Tidak banyak responden yang memahami pembuatan teknik konservasi yang sesuai dengan kaidah yang benar. Berdasarkan hasil wawancara, diketahui bahwa sebanyak 89 % petani melakukan teknik konservasi terasering searah lereng dalam usaha pertanian kentang, sedangkan 11 % responden lainnya mengaku telah menerapkan teknik konservasi terasering searah kontur dalam menanam kentang (Gambar 21). Berbagai pendapat dan alasan membuat teras searah lereng dikemukakan oleh responden, diantaranya adalah teras searah kontur akan mengurangi bidang tanam, biaya pembuatan mahal, perawatan yang relatif sulit, aliran air menjadi tidak lancar sehingga membuat kentang menjadi busuk, pengetahuan serta waktu yang tidak cukup serta berbagai alasan lainnya.
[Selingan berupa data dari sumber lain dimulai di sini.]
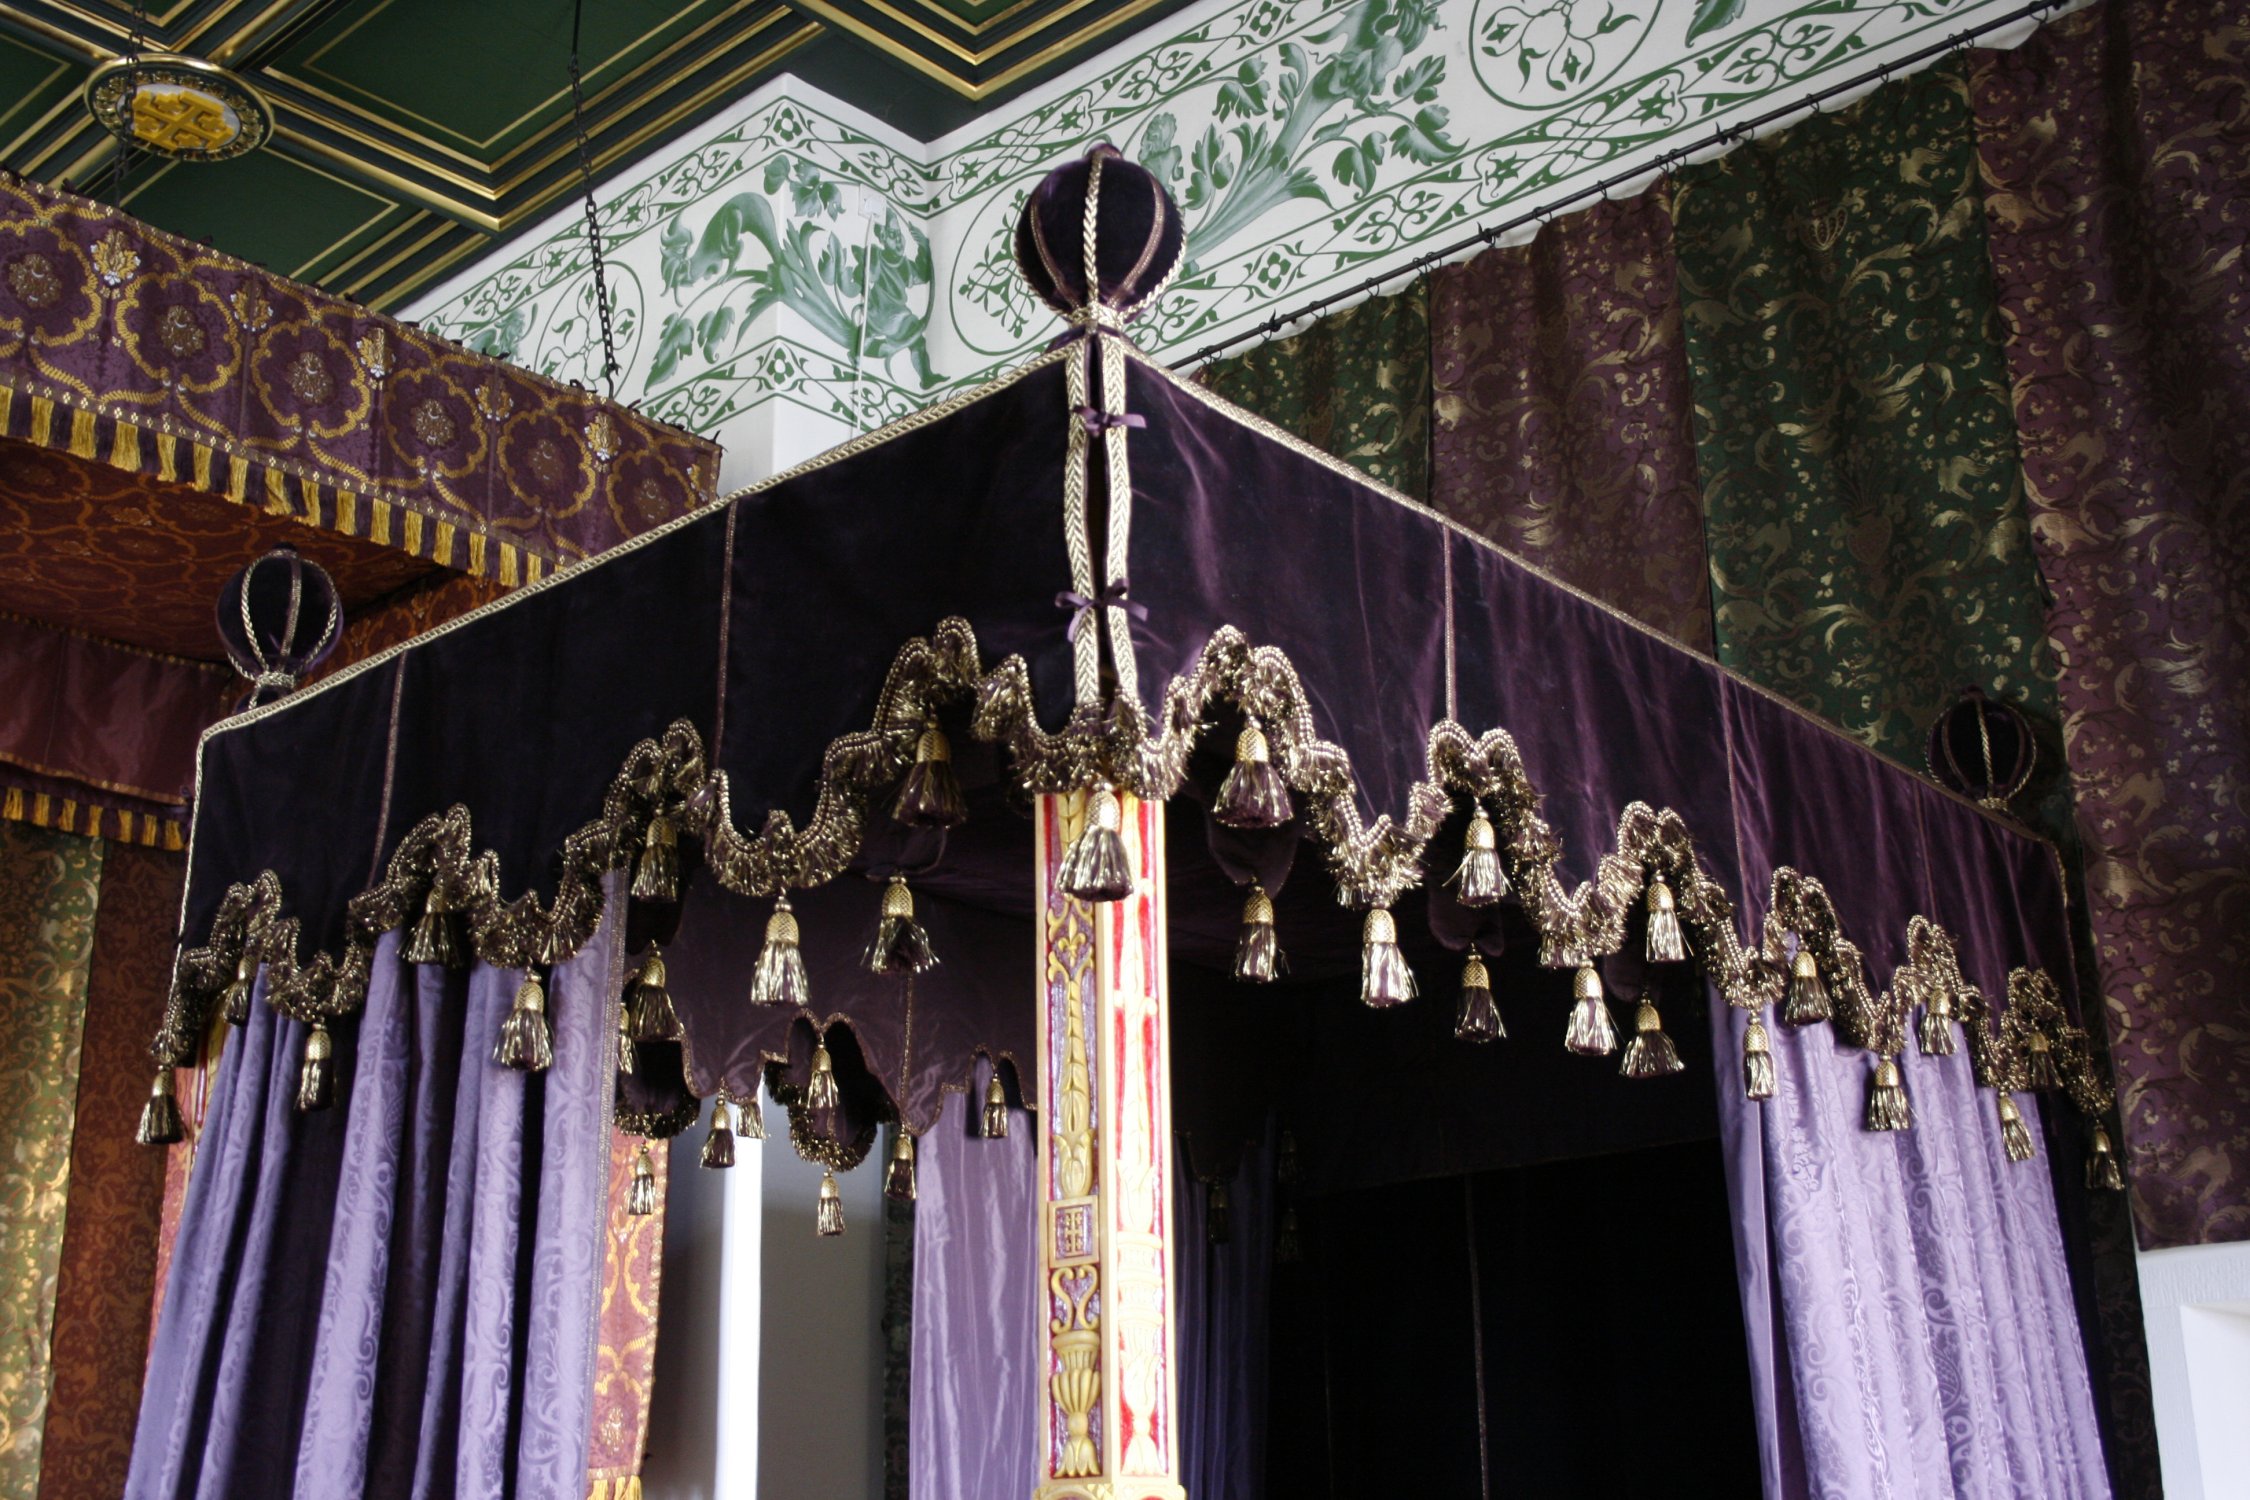 Detail of the Queen's tester bed canopy

Hal ini memang cukup wajar, dimana persepi yang terbangun selama ini di

masyarakat adalah membuat teras serah lereng yang menurut mereka lebih praktis, ekonomis dan baik untuk pertumbuhan kentang.

Gambar 21. Jenis terasering yang diterapkan oleh responden

Secara lebih jauh, wawancara juga menggali berbagai jawaban untuk melihat perbandingan antara teras searah lereng dengan teras searah kontor (nyabuk gunung). Berdasarkan hasil wawancara, responden berpendapat bahwa pembuatan teras searah lereng akan menguntungkan secara ekonomi mengingat biayanya yang cenderung lebih murah (60%). Selain itu, kebutuhan bibit yang diperlukan juga cukup banyak (58%), sehingga jumlah tanaman kentang yang dapat ditanam dan hasil panen nantinyapun akan lebih banyak (58%) (Gambar 22).
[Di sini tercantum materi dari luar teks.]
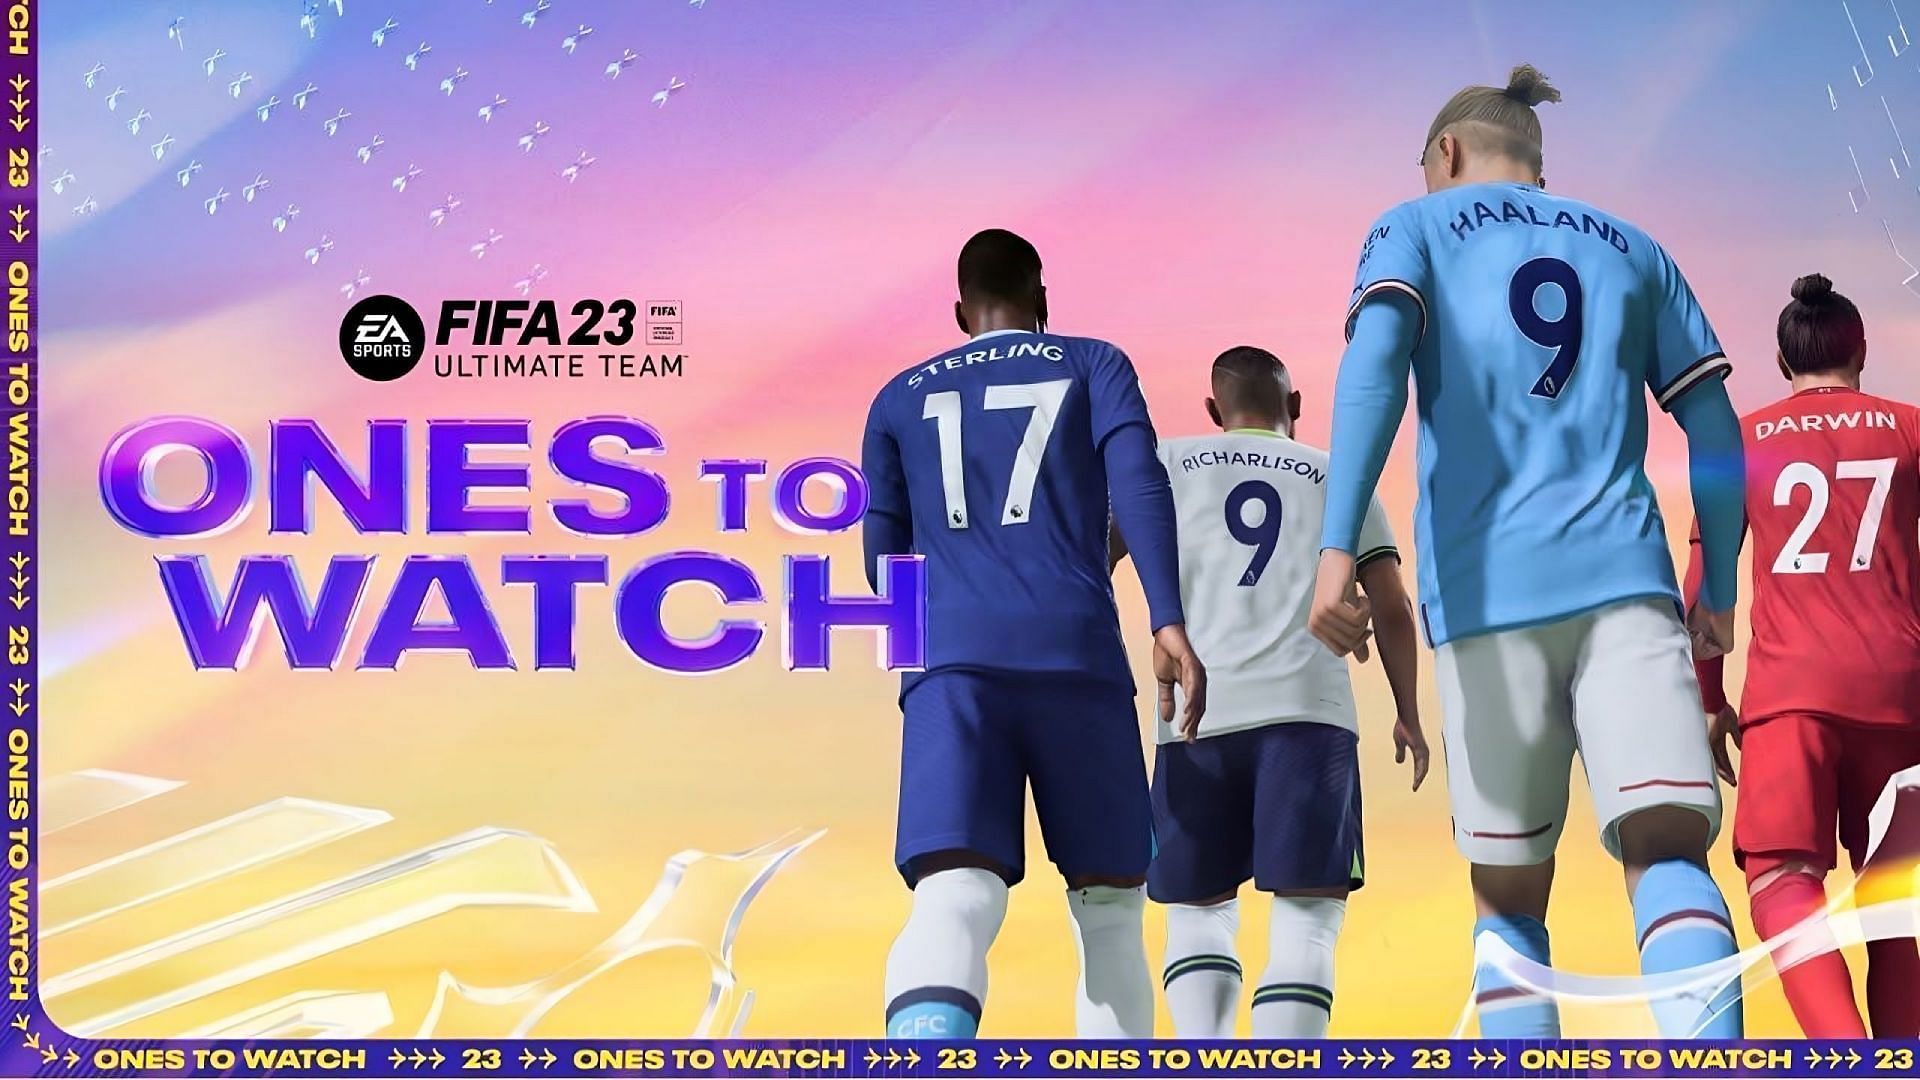 The best Ones to Watch cards in FIFA 23 (Image via EA Sports)

Gambar 22. Grafik perbandingan teras searah lereng dan teras searah kontur (nyabuk gunung)

Sedangkan pembuatan teras searah kontur (nyabuk gunung) memiliki keunggulan dari sisi konservasi, dimana sebanyak 81% responden setuju bahwa pembuatan teras serah kontur akan dapat mengawetkan tanah dari ancaman erosi dan longsor. Selain itu, responden juga berpendapat bahwa teras searah kontur

memiliki fungsi perlindungan yang sangat tinggi (84%) dan mempermudah mereka dalam melakukan perawatan lahan dan tanaman kentang karena cederung lebih datar (67%). Yang menarik adalah sebanyak 40% responden berpendapat bahwa pembuatan teras searah kontur maupun serah lereng tidak akan mempengaruhi dari kualitas kentang yang dihasilkan. Hal ini berbeda dengan paradigma yang ad adi masyarakat Dieng secara umum, dimana pembuatan teras serah kontur akan menyebabkan hasil tanaman kentang menjadi lebih buruk dan busuk sebagai akibat adanya pengendapan air di tanah.